Michel Majerus, 35, Berlin-based painter, died Nov. 6 in a plane crash in Luxembourg, where he was born. He was known for his brightly colored large-scale painting installations that borrow from art history and such popular sources as advertising and graphic design. He also received attention at Cologne's Kunstverein in 2000 for a work that functioned as a half-pipe for skateboarders. He showed in numerous international exhibitions, including the Taipei Biennial (2000) and Manifesta in Luxembourg (1998). His first solo U.S. exhibition was held in September-October 2002 at Friedrich Petzel Gallery in New York [see A.i.A., Dec. '02].

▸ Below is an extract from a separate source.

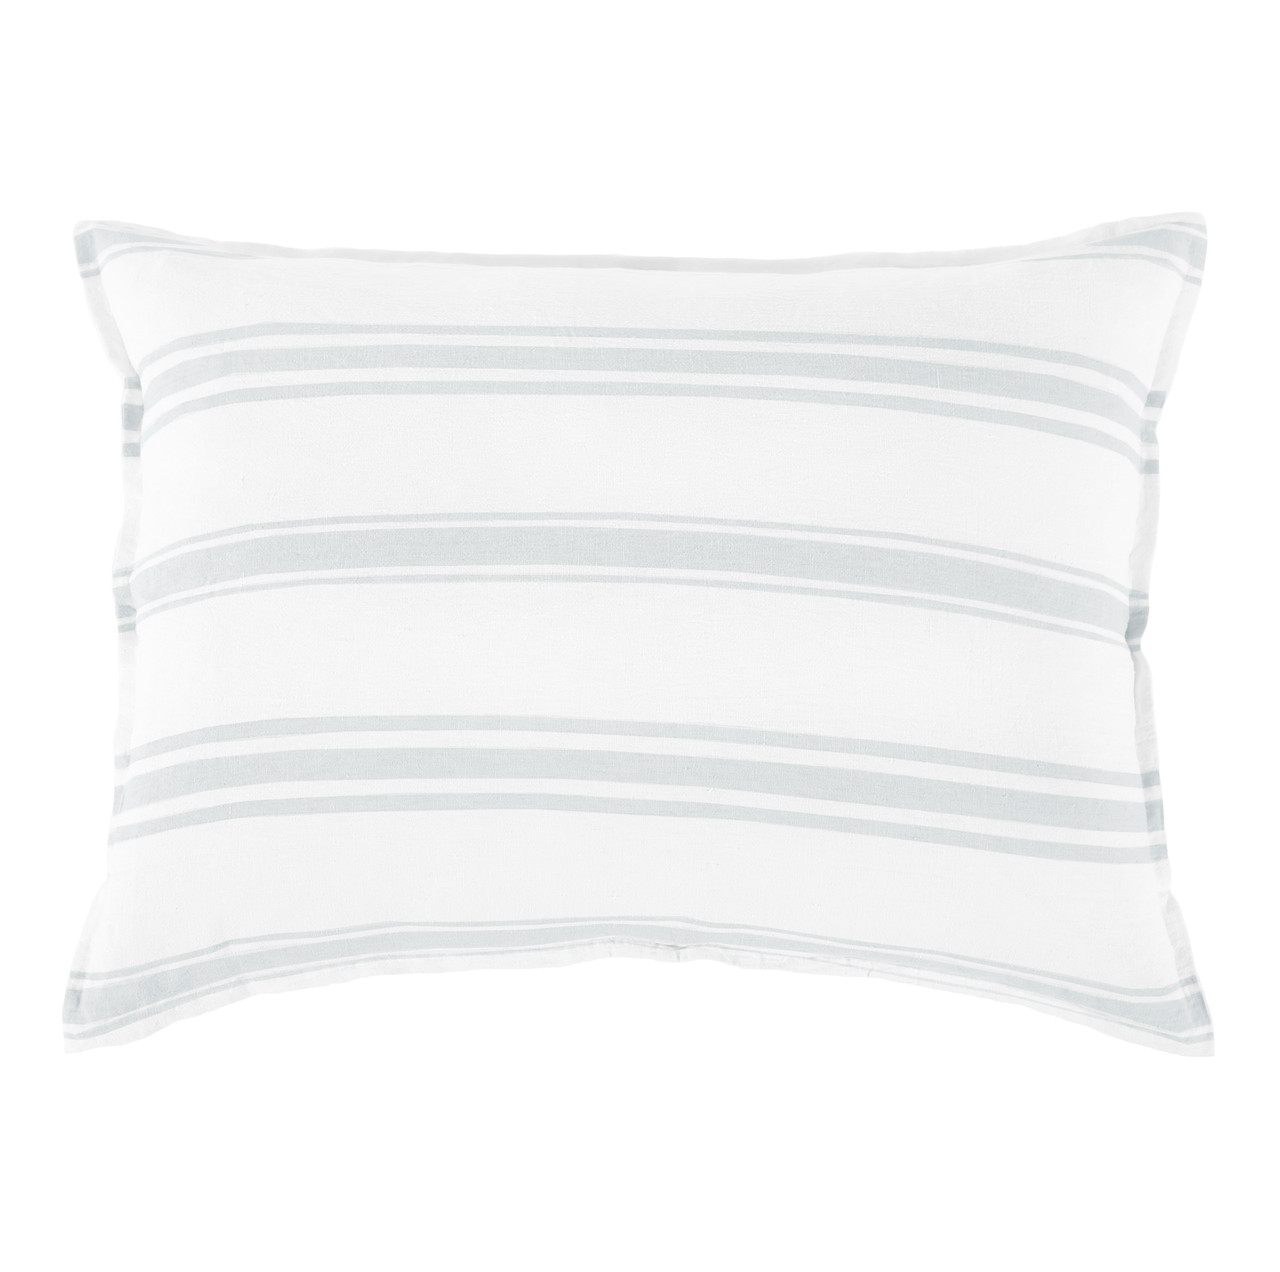 Oversized Decorative Pillows - Fashion Jackson

Nancy S. Nichols, 57, cultural headhunter, died Oct. 2 of Lou Gehrig's disease in Rhinebeck, N.Y. She received her Ph.D. in Islamic art from Harvard and spent a year in Turkey as a Fulbright fellow in 1979-80. In 1996, she joined Heidrick & Struggles, an executive search firm, where she was a managing partner. As chief of its education and nonprofit section, she helped numerous museums, universities and foundations fill top posts. Among her clients were the Metropolitan, the Whitney and the Museum of Modern Art in New York, the Smithsonian Institution, L.A. MOCA, the Israel Museum in Jerusalem, and the Doris Duke Charitable Foundation.

Quita Brodhead, 101, abstract painter, died Sept. 4 in Bryn Mawr, Penn. Her early work consisted mostly of impressionistic nudes and still lifes painted with a bold palette. In the 1950s, her brightly colored canvases became increasingly abstract. Exhibitions commemorating her 100th birthday were mounted in 2001 at the Pennsylvania Academy in Philadelphia and at Hollis Taggart Galleries in New York.

Robert Winthrop White, 81, sculptor, died Sept. 21 in Smithtown, N.Y. A grandson of architect Stanford White, he was known for creating the statue of General John J. Pershing at Pershing Park in Washington, D.C. His works were shown in New York at James Graham & Sons Gallery and Davis Galleries (now Davis and Langdale). He also taught art at SUNY-Stony Brook from 1967 to '87.